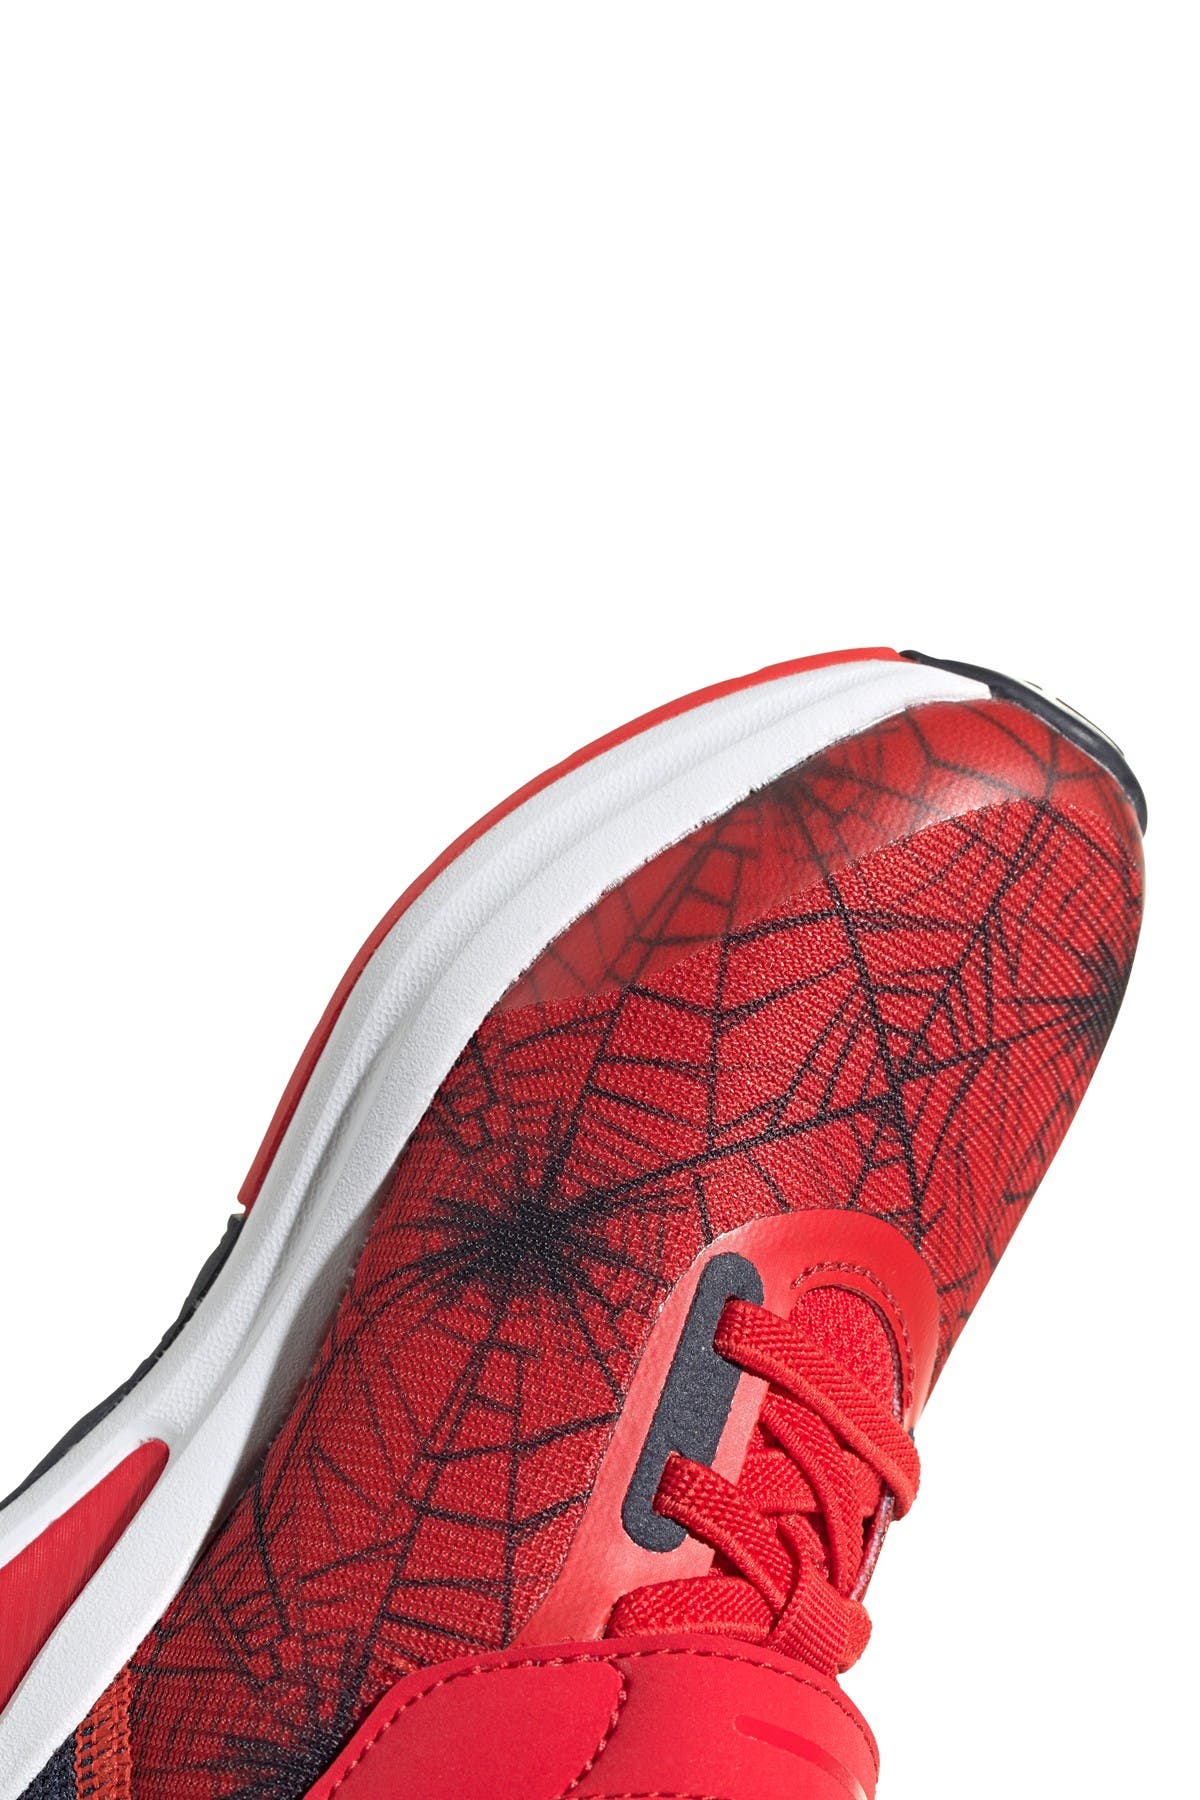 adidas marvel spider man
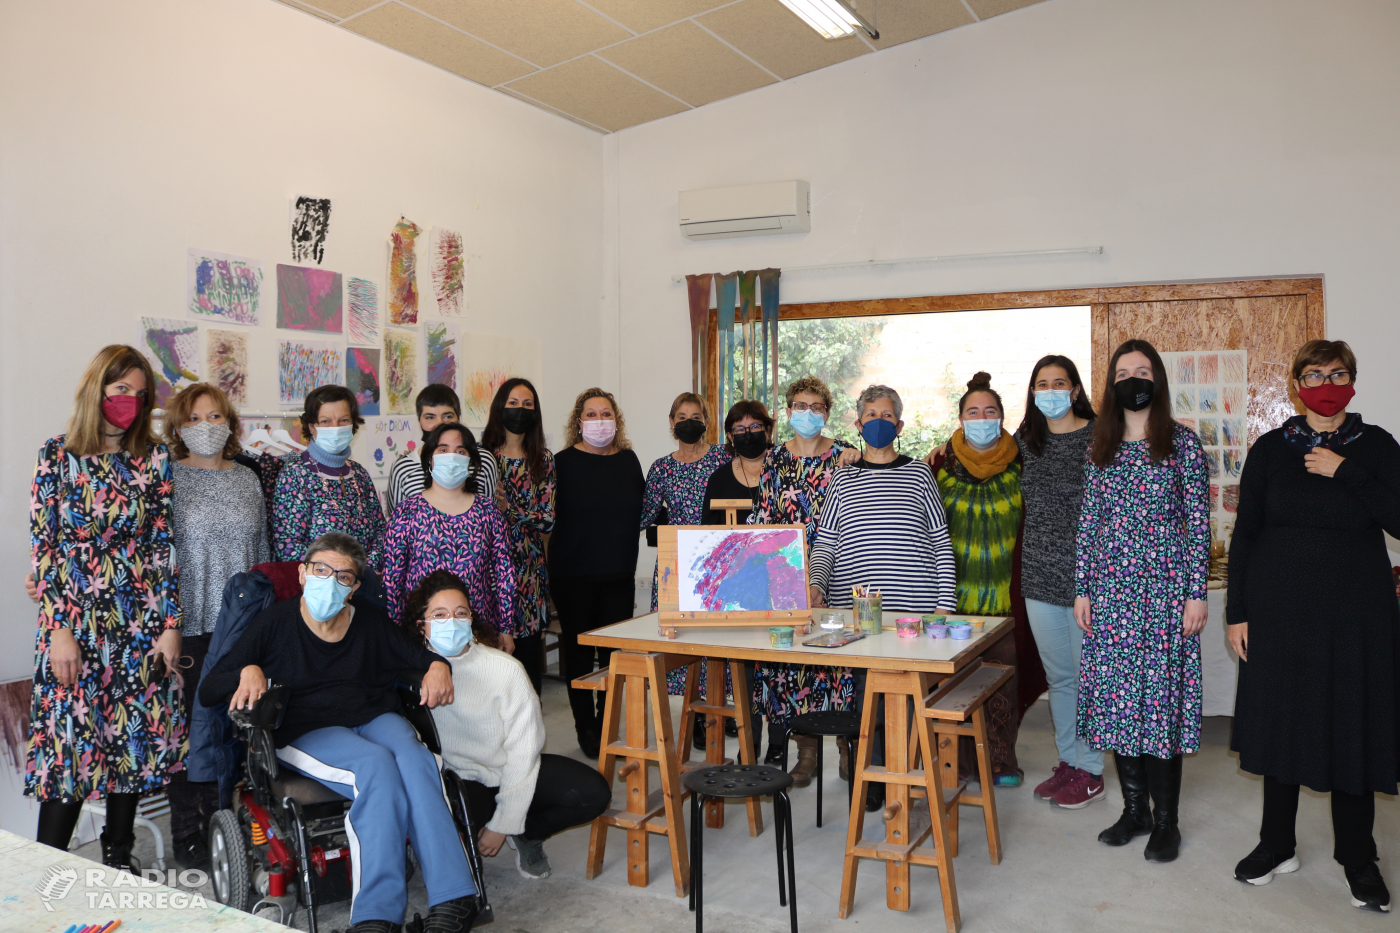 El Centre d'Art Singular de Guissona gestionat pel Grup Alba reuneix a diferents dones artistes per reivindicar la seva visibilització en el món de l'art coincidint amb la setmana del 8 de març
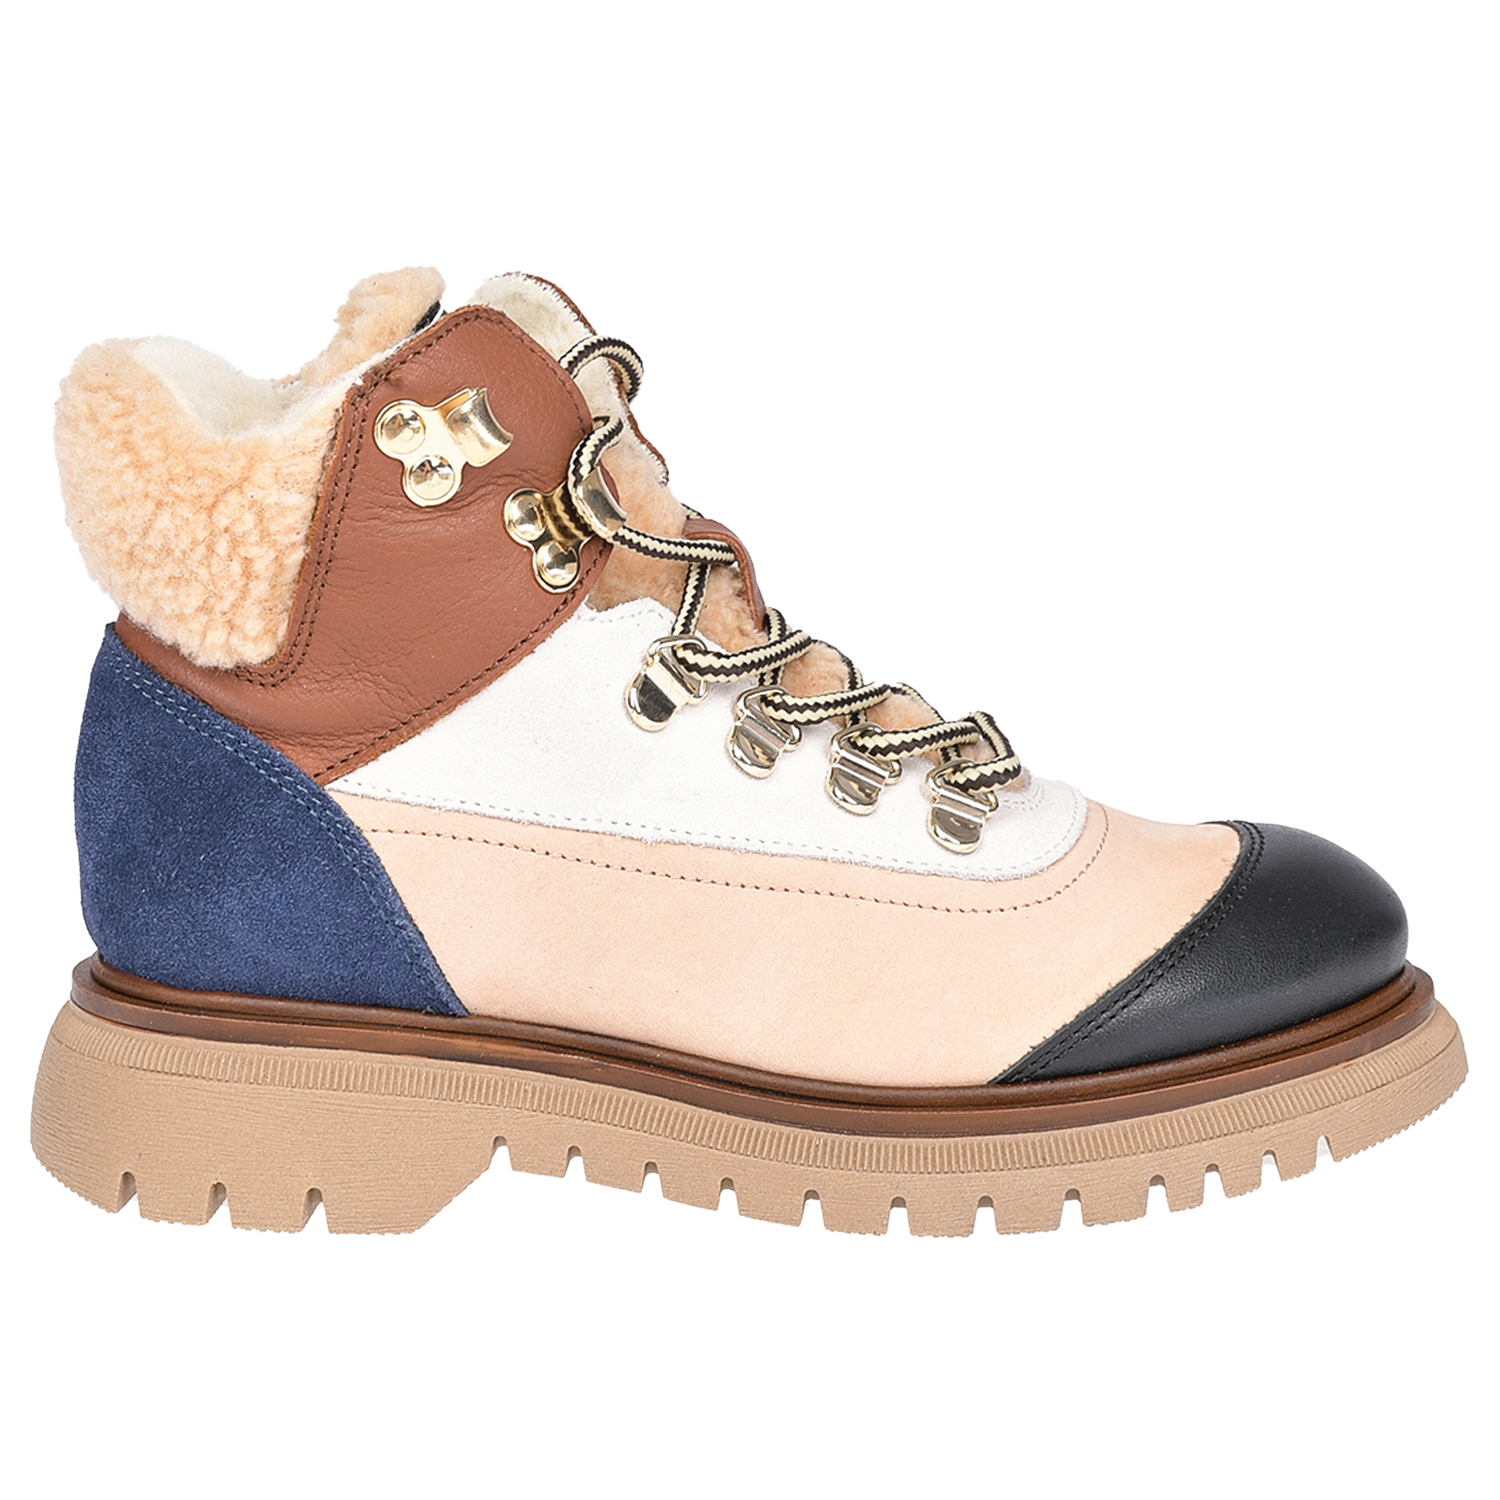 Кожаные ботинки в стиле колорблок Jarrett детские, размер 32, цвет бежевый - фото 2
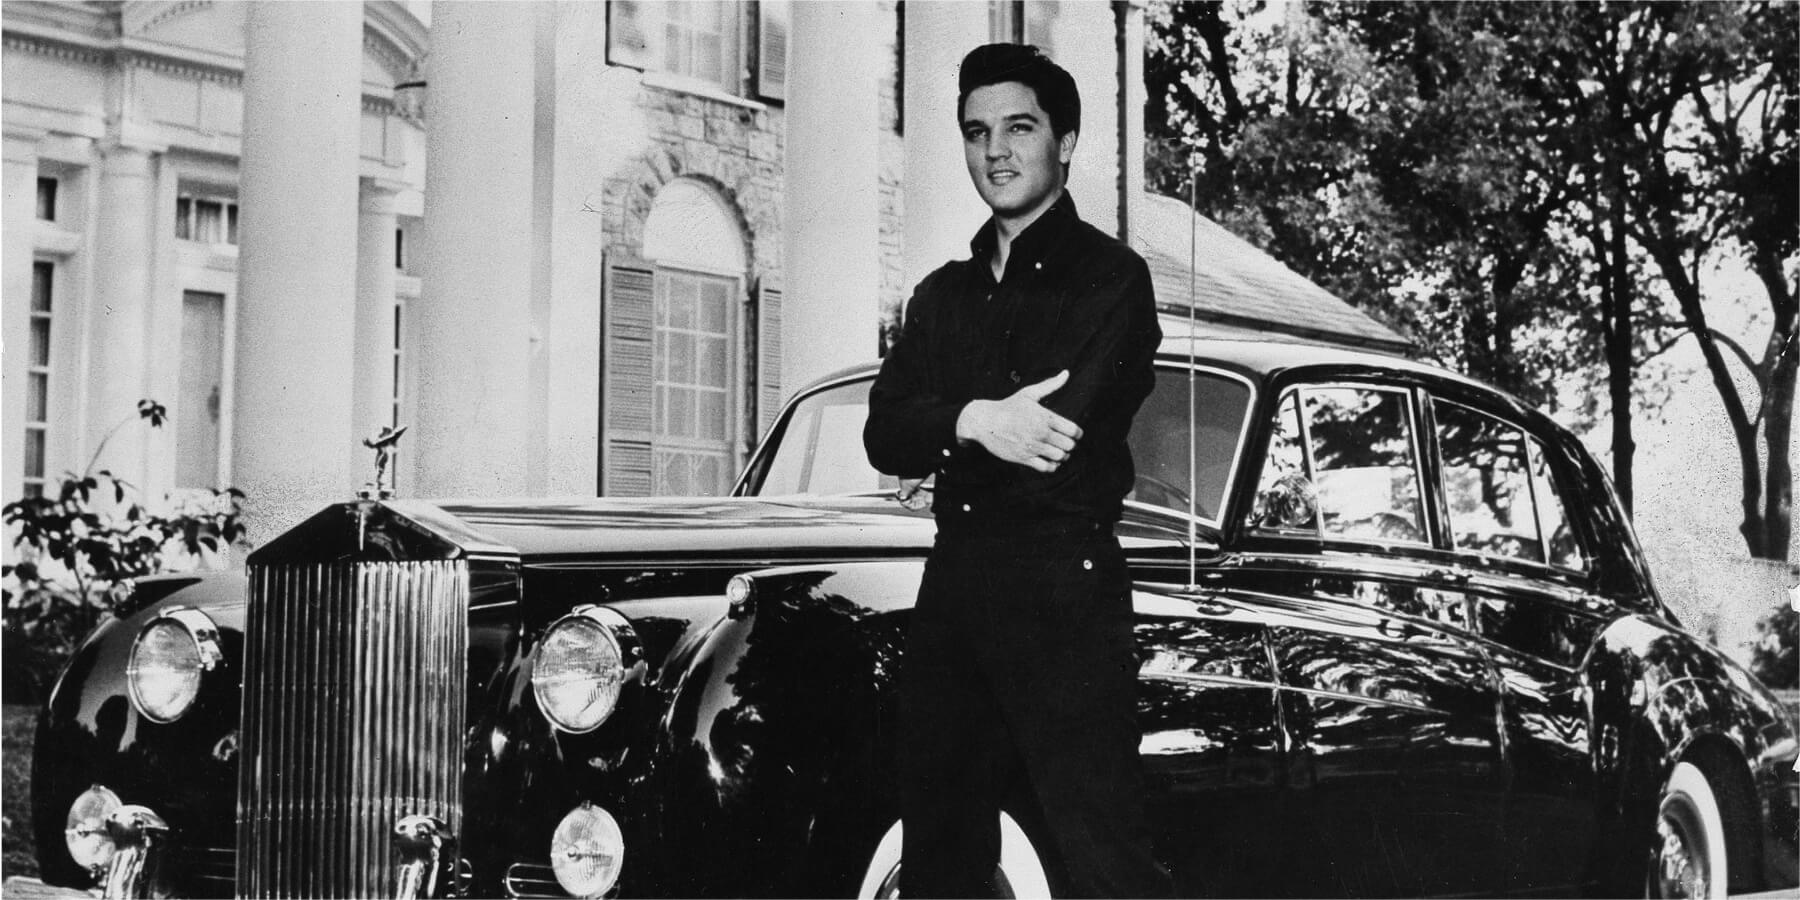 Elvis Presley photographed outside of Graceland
=====
● **Requirement**: Exactly repeat only the lines from the one with "El Centre d'Art" to the closing line above, both included, and omit every picture.

● **Answer box**:
 El Centre d'Art Singular de Guissona gestionat pel Grup Alba reuneix a diferents dones artistes per reivindicar la seva visibilització en el món de l'art coincidint amb la setmana del 8 de març
 Кожаные ботинки в стиле колорблок Jarrett детские, размер 32, цвет бежевый - фото 2
 Elvis Presley photographed outside of Graceland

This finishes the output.